И тут старичок довольно улыбнулся и вынул из кармана гелиевую ручку:
– Вот этим!
Аня чуть не умерла на месте.
А Тушинский, разгладив турову бородку, уже уселся на стул – и быстро-быстро рисовал для Елены на обратной стороне ее музейной программки – чтобы показать простейшее, портативнейшее изобразительное средство в действии – крошечную черепашку – меньшую сестру черепашки, выставленной на выставке: геральдика панциря состояла из скакавших кругами каких-то собак, и эпических кур, и галопирующих в хороводе местечковых домишек; в левой лапе черепашка держала кисть живописца, а в самом сердце панциря несла автопортрет Тушинского; в свою очередь, на шее у этого миниатюрного, еще больше чем в жизни уменьшенного Дэви Тушинского, висел медальон: точно такая же черепашка; и, казалось, что если увеличить картинку, последовательность будет повторяться до бесконечности.
Женщина-гид тем временем (пока Аня оклёмывалась, согнувшись как после удара мячом в поддых, с густой краской стыда на личике) оказалась никаким не гидом, а женой Тушинского, любовью всей его жизни.
– У нее тоже глаза удивительные, – отрекламировал жену Тушинский. – С секретом! Вы думаете, почему они у нее такие красивые, глаза? – спросил он, порывисто встав, подойдя к жене и с каким-то трепетом заглядываясь, как будто впервые. – А потому, что она подарила свои глаза тем, кого убили в Освенциме, тем, кто не может видеть красоту мира – они смотрят на мир ее глазами!
И Елена подумала в эту секунду, что, пожалуй, в видимом земном мире мало есть зрелищ более прекрасных, чем лица любящих друг друга, всю жизнь друг другу верных стариков.
– Крутяк! Ты это уже перевела в универе или нет? Давай что-нибудь, что ты еще сама не переводила! – правым локтем притулившись на отжатую фрамугу окна, а левой демонстративно криволапо зажав странички, Влахернский вертел блокнотную лотерею дальше, жирно тыкал во все пальцами – и довольно, на вкус, навскидку, пробовал перевести начало стихов – и явно наслаждался принесенной ему фенечкой. – Давай вот это переведем! Господи… уже время. Лето было и так большим…
– Что за «уже время»? Ильааа… Это какой-то непереваренный германизм. Имеется ведь в виду «пора!» – Елена повесила опустевшую без блокнота, совсем лёгонькую уже ченстоховскую сумочку (весело скрипящую, когда по ней проводишь ногтем, и вероятно водонепроникаемую) на шею, поверх францисканского креста, и высунулась опять в окно – только носом, чтоб хоть в пол-уха Влахернского слышать.
– Не придирайся, я так не играю…
– Ладно. Молчу. Поехали дальше. Выбирай и переводи. Хватит телиться! – перевернулась она к Влахернскому, все-таки, для порядку, лицом.
Влахернский встал в позу статуи поэта и (для диссонанса, видимо) свернул свободную, правую руку в кулак, и стал увесисто постукивать толстеньким ее раструбом по стене. Открыл было рот – потом замер на секунду и с громким выдохом сдулся:
– Не перебивай только! А то только я настроился!.. Обещаешь? – и принялся отстукивать кулаком по вагонной стене ритм:
Господи, уже время. Лето было и так большим. Натяни Свою тень тетивою на солнечные часы и среди оглушённой тиши на полях ветра́ разреши.

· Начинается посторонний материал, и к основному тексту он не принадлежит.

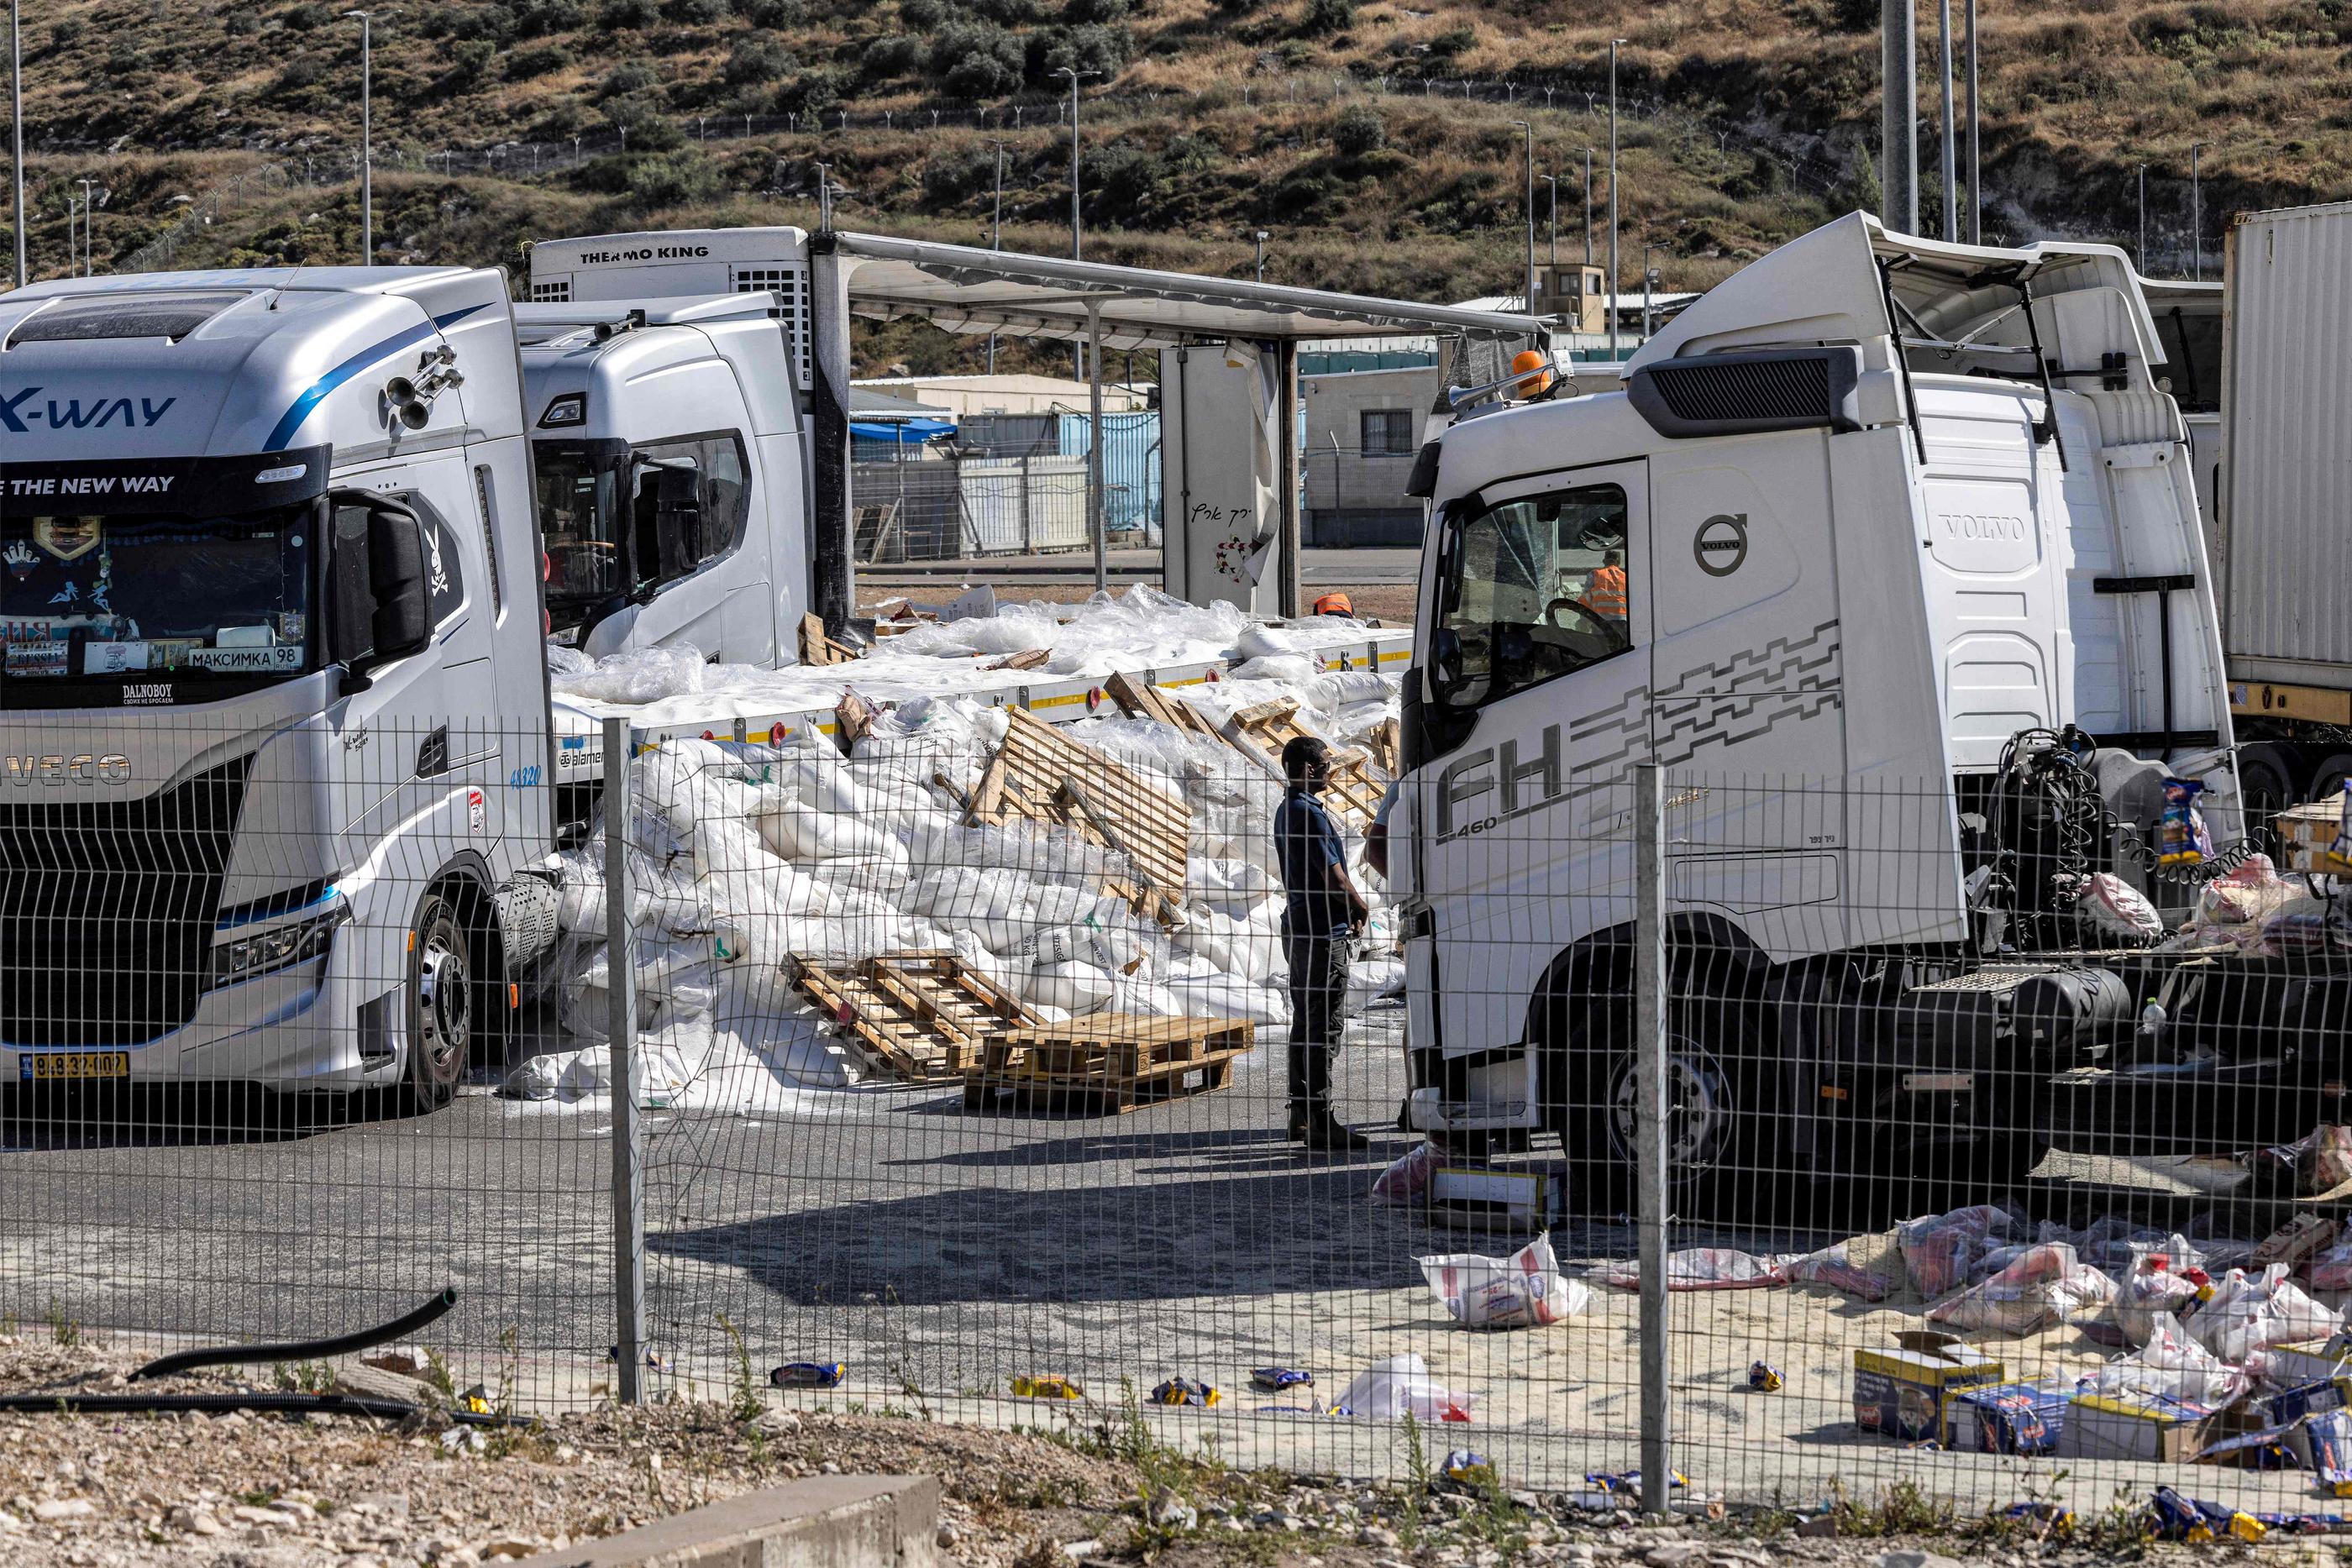 Le 13 mai, des dizaines de personnes, identifiées par des médias israéliens comme membres d’un collectif radical opposé à l’aide à Gaza, avaient bloqué des camions et saccagé leur contenu. AFP / Oren ZIV.

Качающейся каденцией по коридору прочапал Воздвиженский. Опять с кружкой. И глупой улыбкой: типа, знаем мы, чем вы тут…
Влахернский, не обращая уже ни на кого больше внимания, развернулся к окну и увалисто раскачиваясь уже (боками вдоль коридора), таким же валким голосом, не нараспев, а как-то вприпрыжку, с придыханием, по кочкам, декламировал:
Вели плодам, что из последних, напиться полноты два дня еще им солнечных подай, поторопив их к совершению – тогда и начинай под винный гнет пускать нали́тые плоды…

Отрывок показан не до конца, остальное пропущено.